***** SUPPLIED MATERIAL

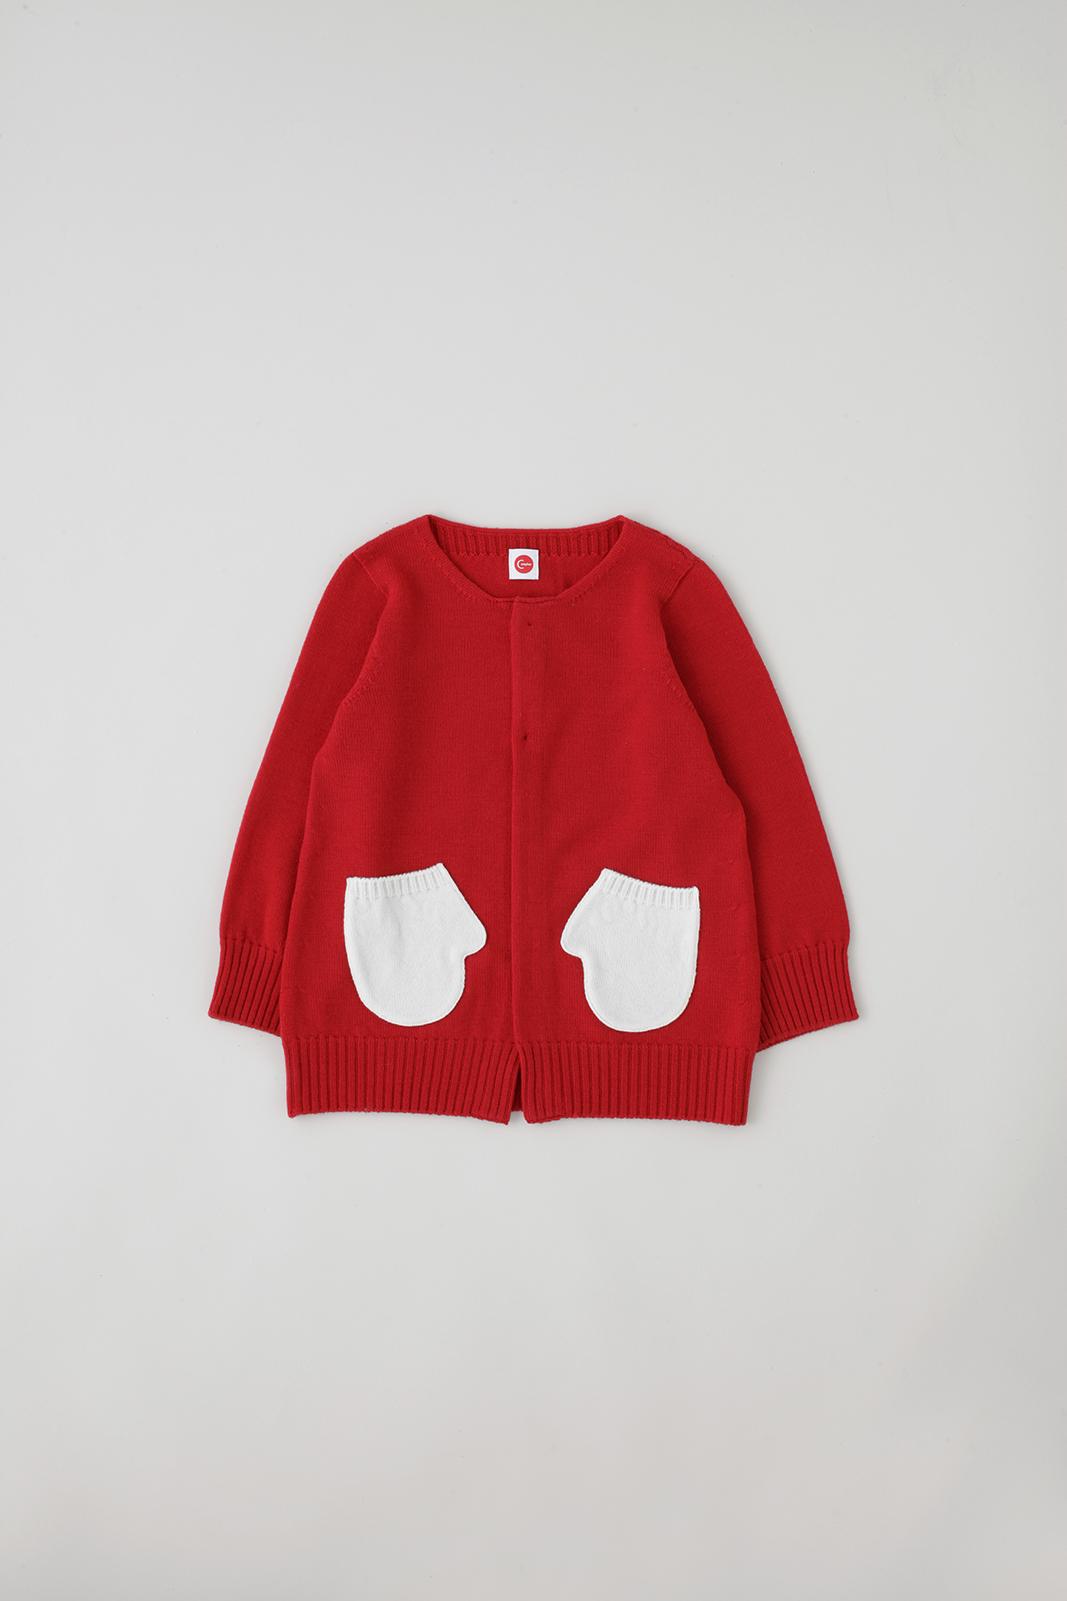 Camphor カンフル kids こども 子供服 mittencardigan 日本製 madeinjapan
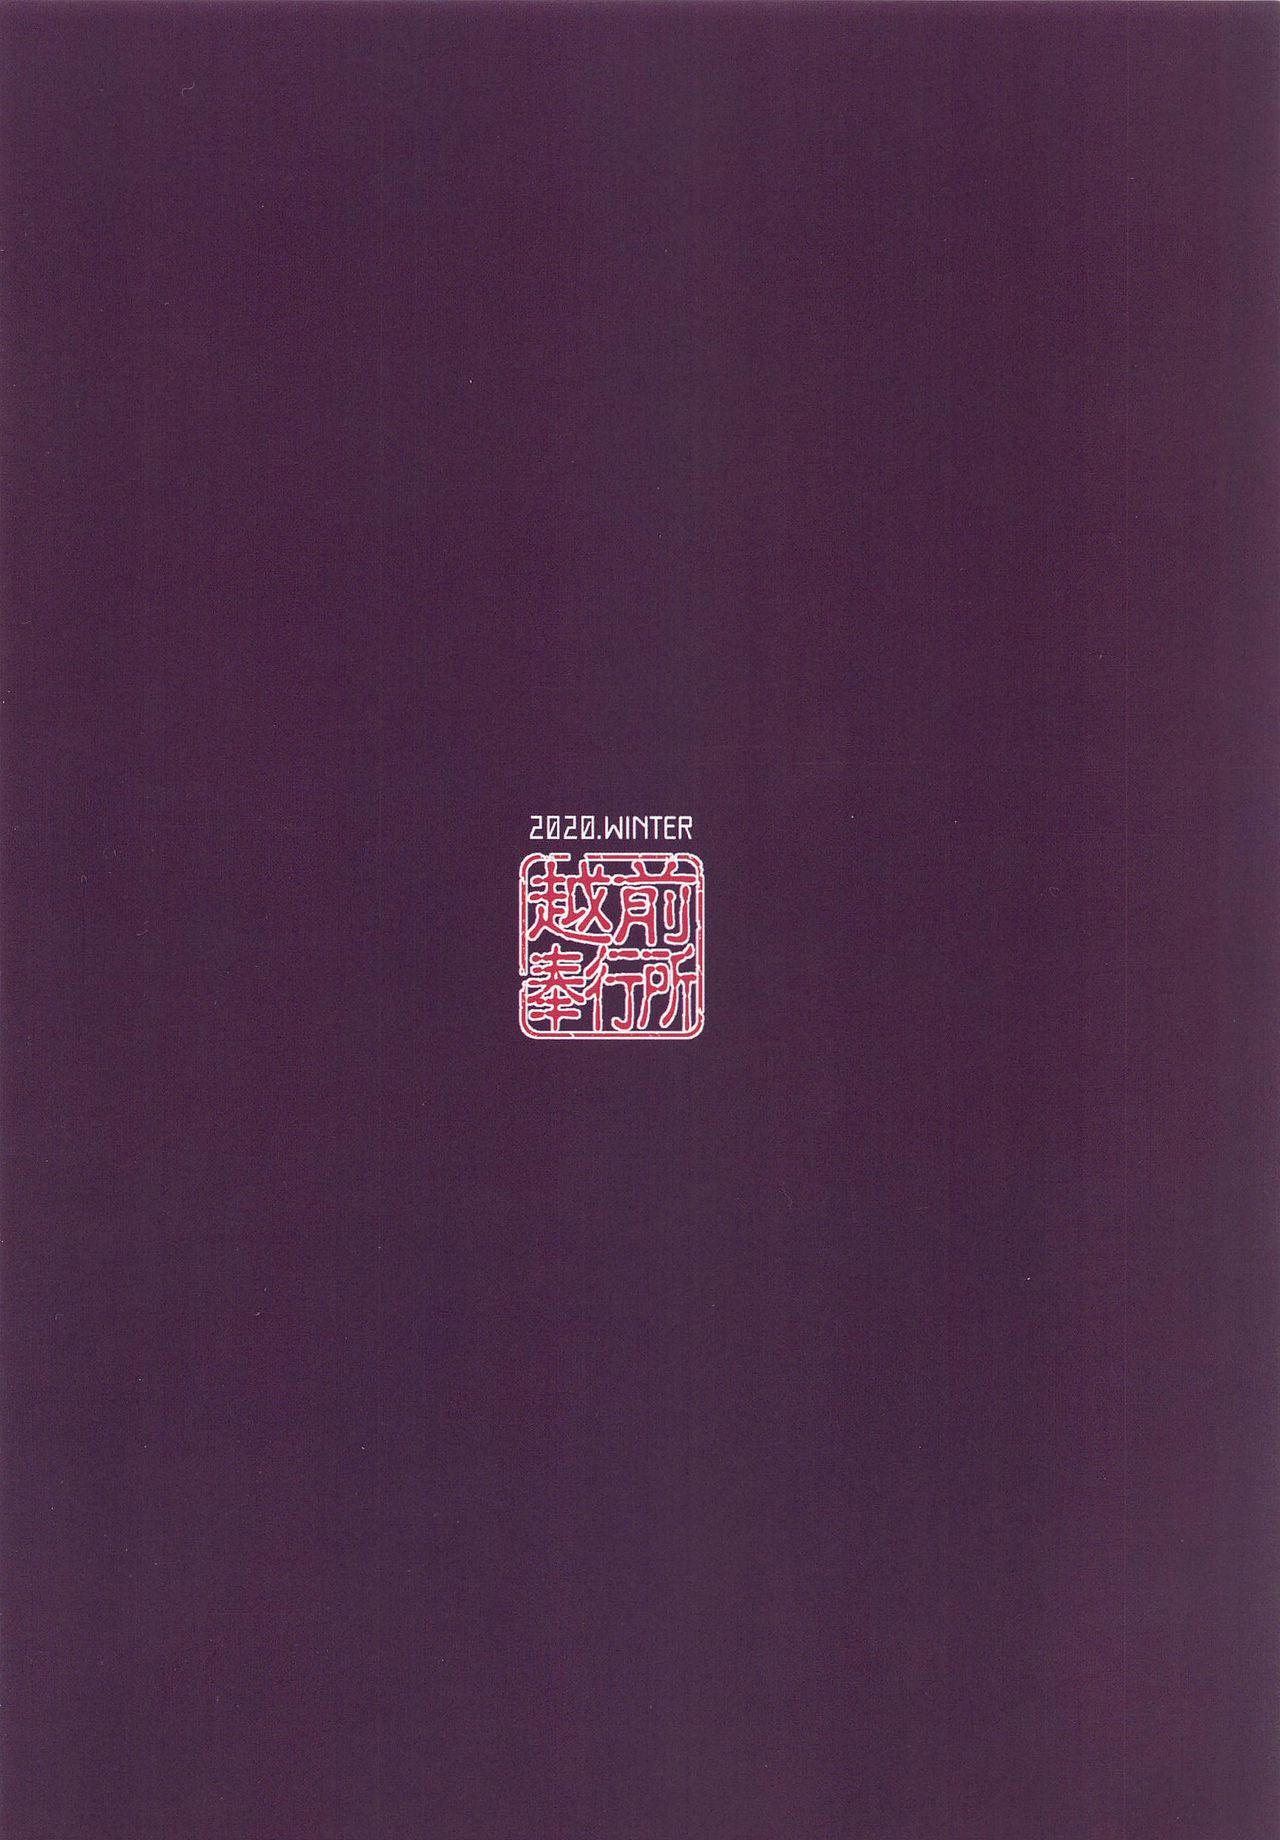 (AC2) [Echizen Bugyousho (Aramaki Echizen)] Baka Shikikan no Osewa (Azur Lane)[Chinese]【不可视汉化】 22
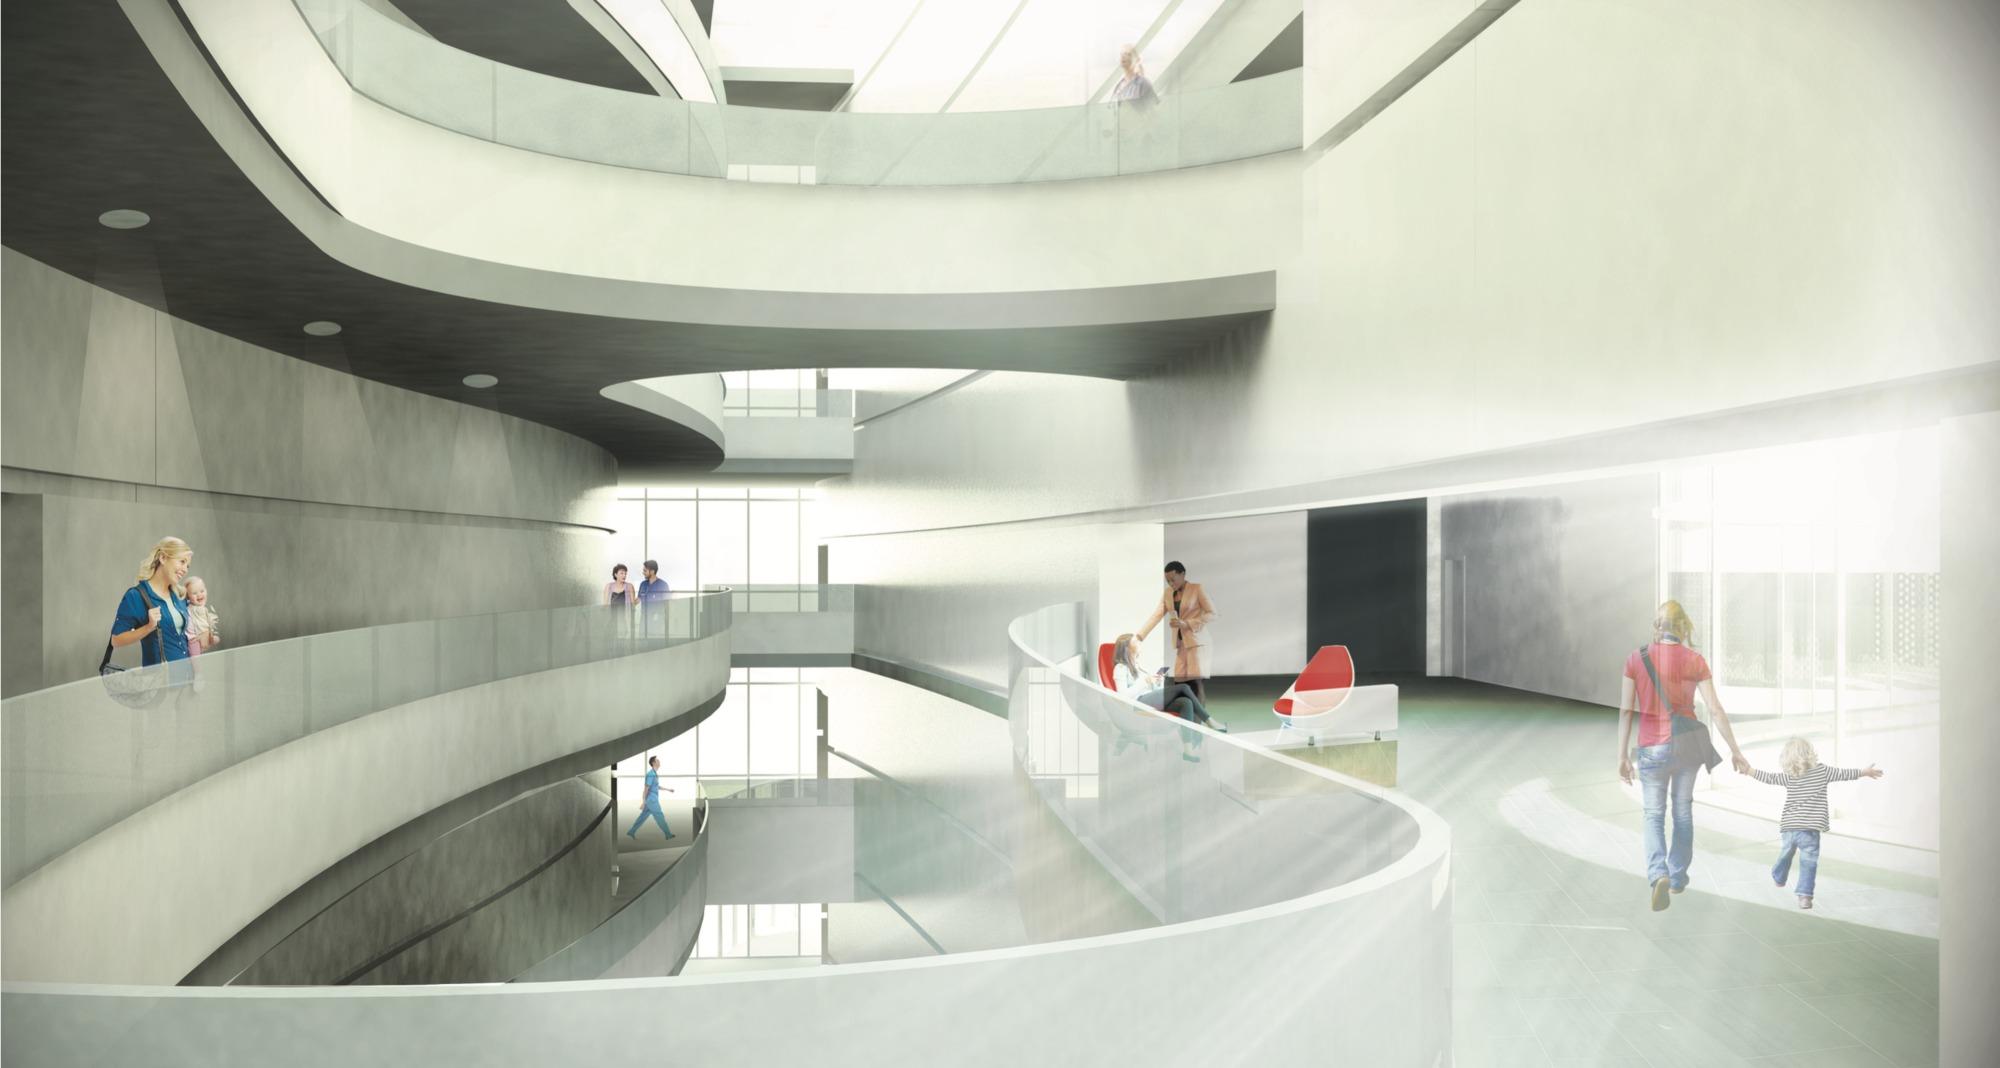 Munroe meyer institute atrium rendering design melissa hywood image courtesy of college

**********

WHAT THIS TASK INVOLVES: What this calls for is a word-for-word copy of the listing above, pictures excluded.

ANSWER TO THIS TASK:
 Camphor カンフル kids こども 子供服 mittencardigan 日本製 madeinjapan
 (AC2) [Echizen Bugyousho (Aramaki Echizen)] Baka Shikikan no Osewa (Azur Lane)[Chinese]【不可视汉化】 22
 Munroe meyer institute atrium rendering design melissa hywood image courtesy of college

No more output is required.